Return all of the data exactly, omitting any images.

## Collected data
+--
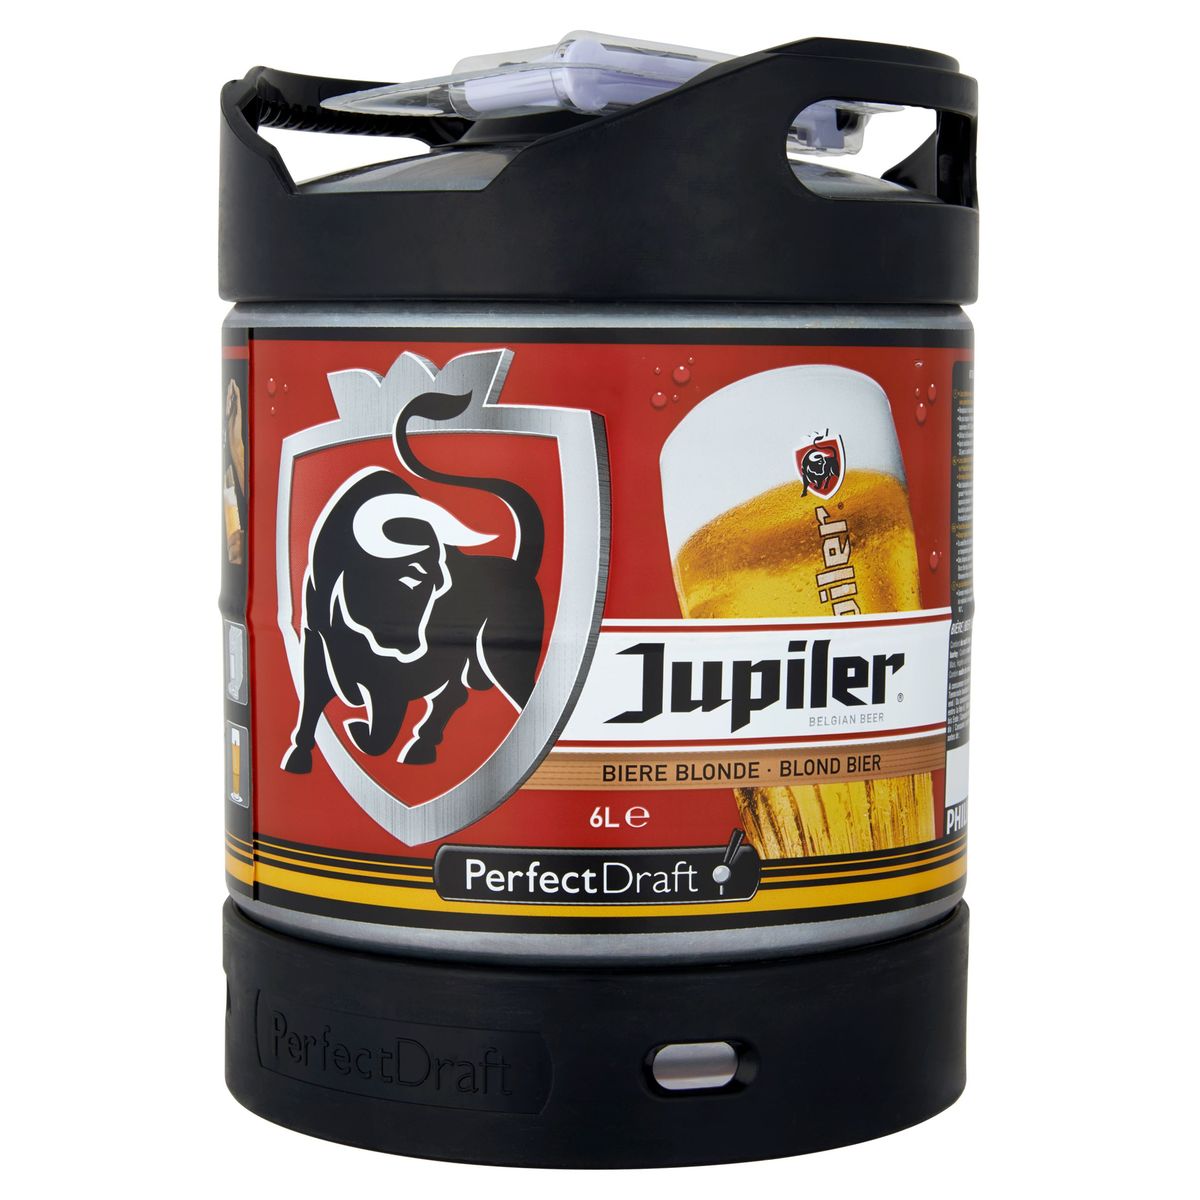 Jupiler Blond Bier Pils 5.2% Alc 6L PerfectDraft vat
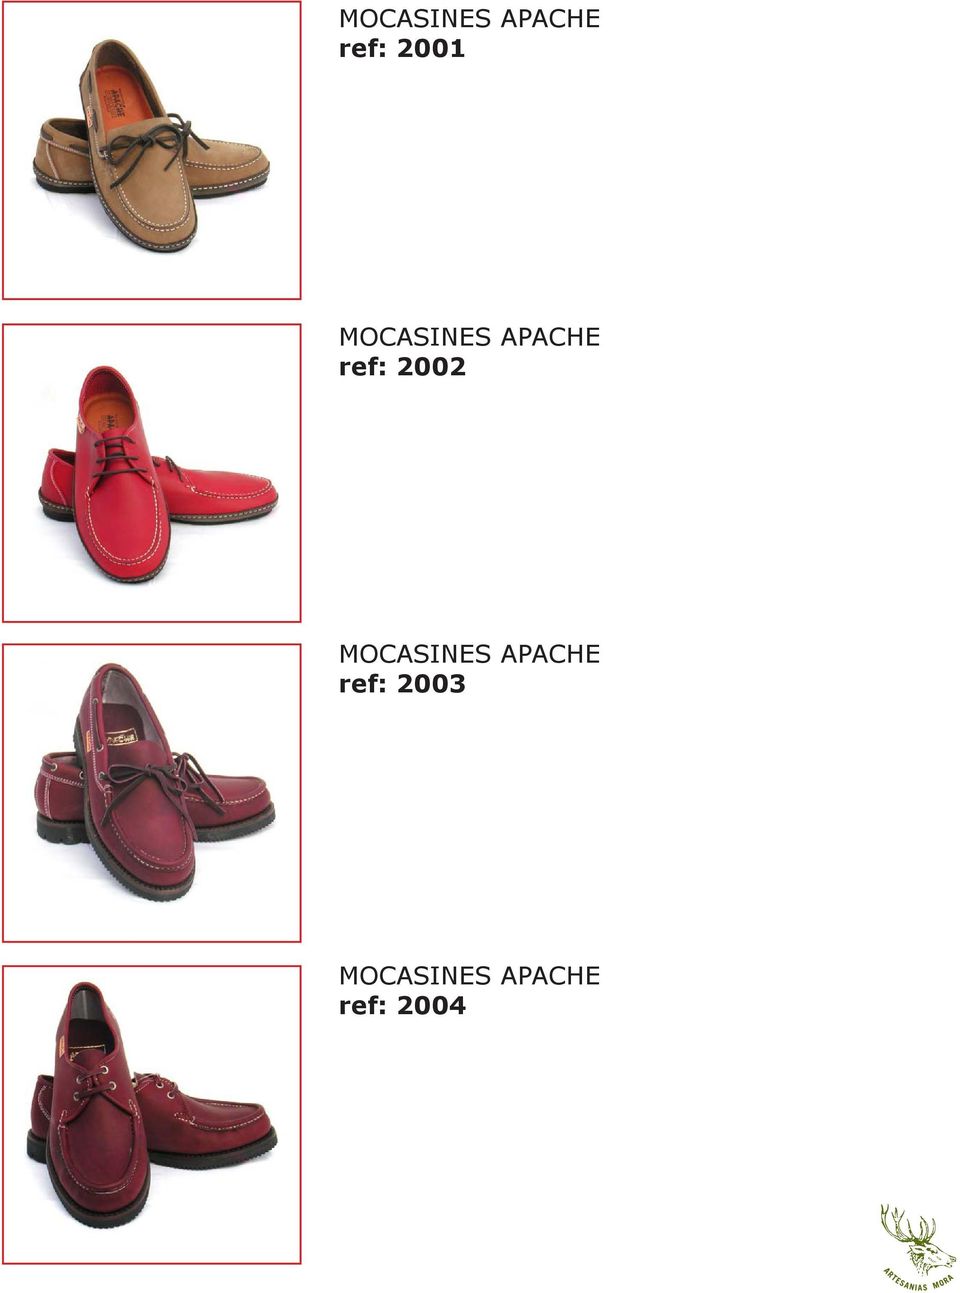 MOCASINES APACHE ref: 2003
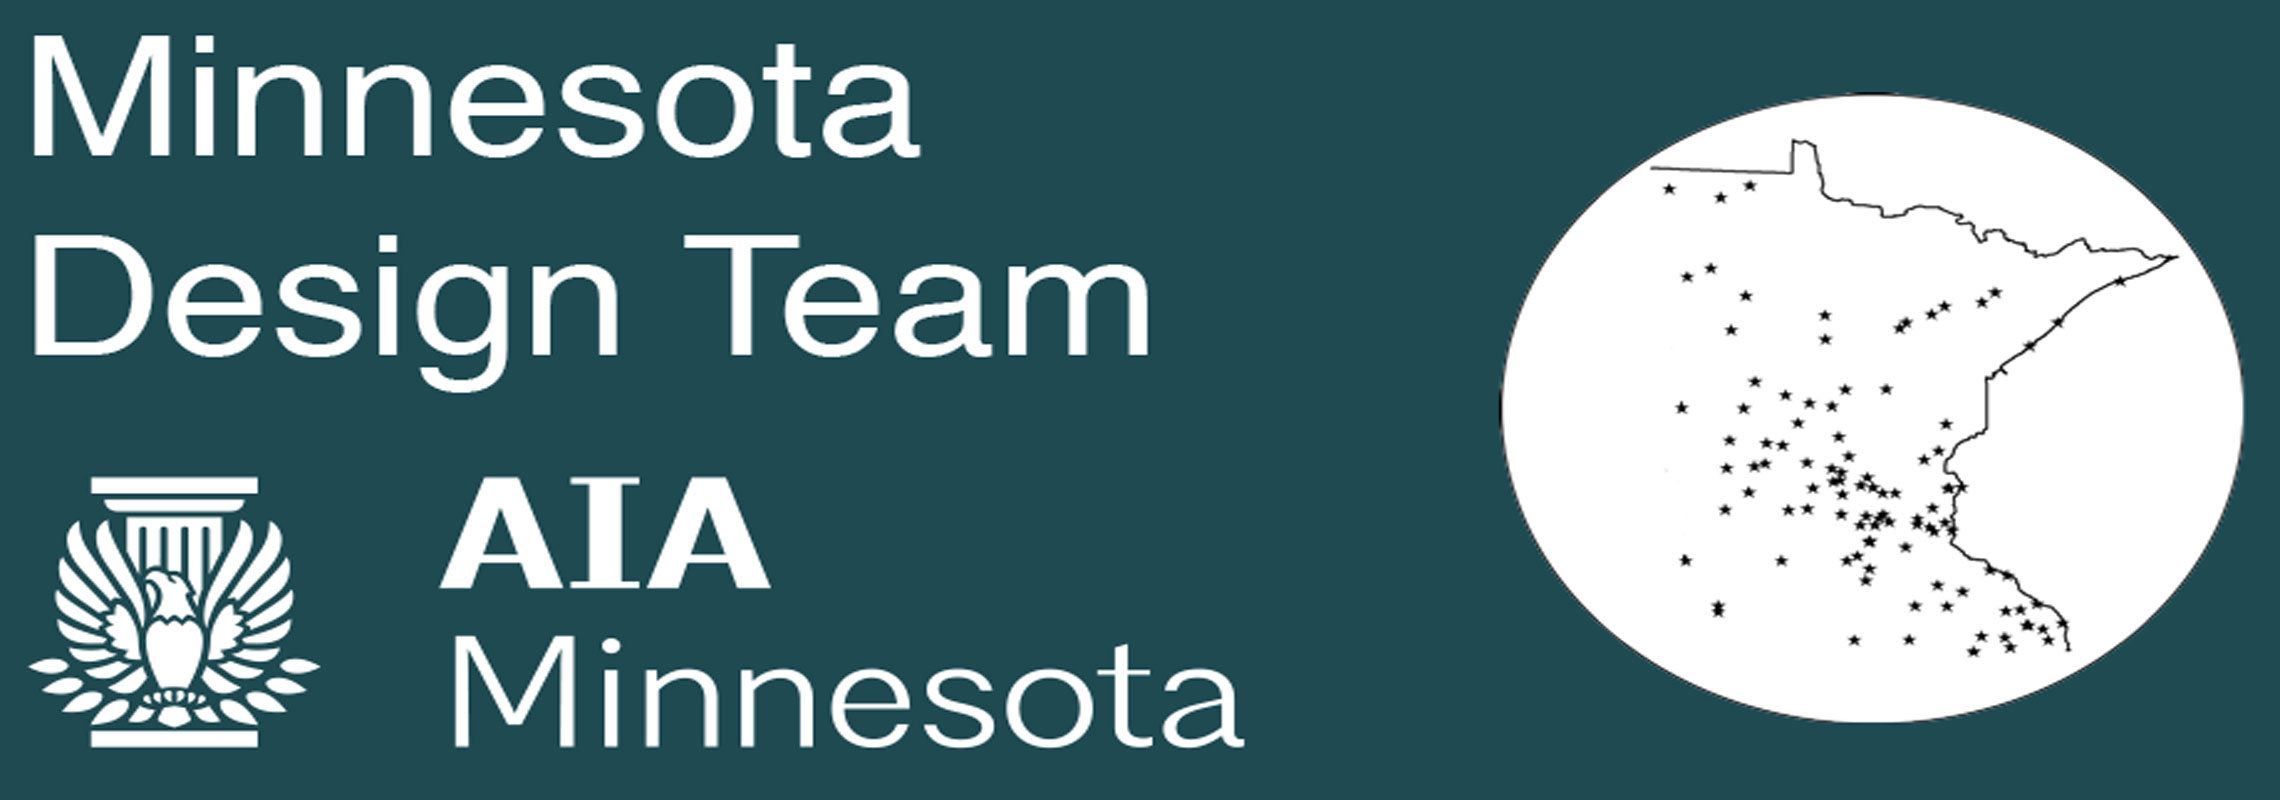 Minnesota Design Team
+--
## Task response
 Jupiler Blond Bier Pils 5.2% Alc 6L PerfectDraft vat
 MOCASINES APACHE ref: 2003
 Minnesota Design Team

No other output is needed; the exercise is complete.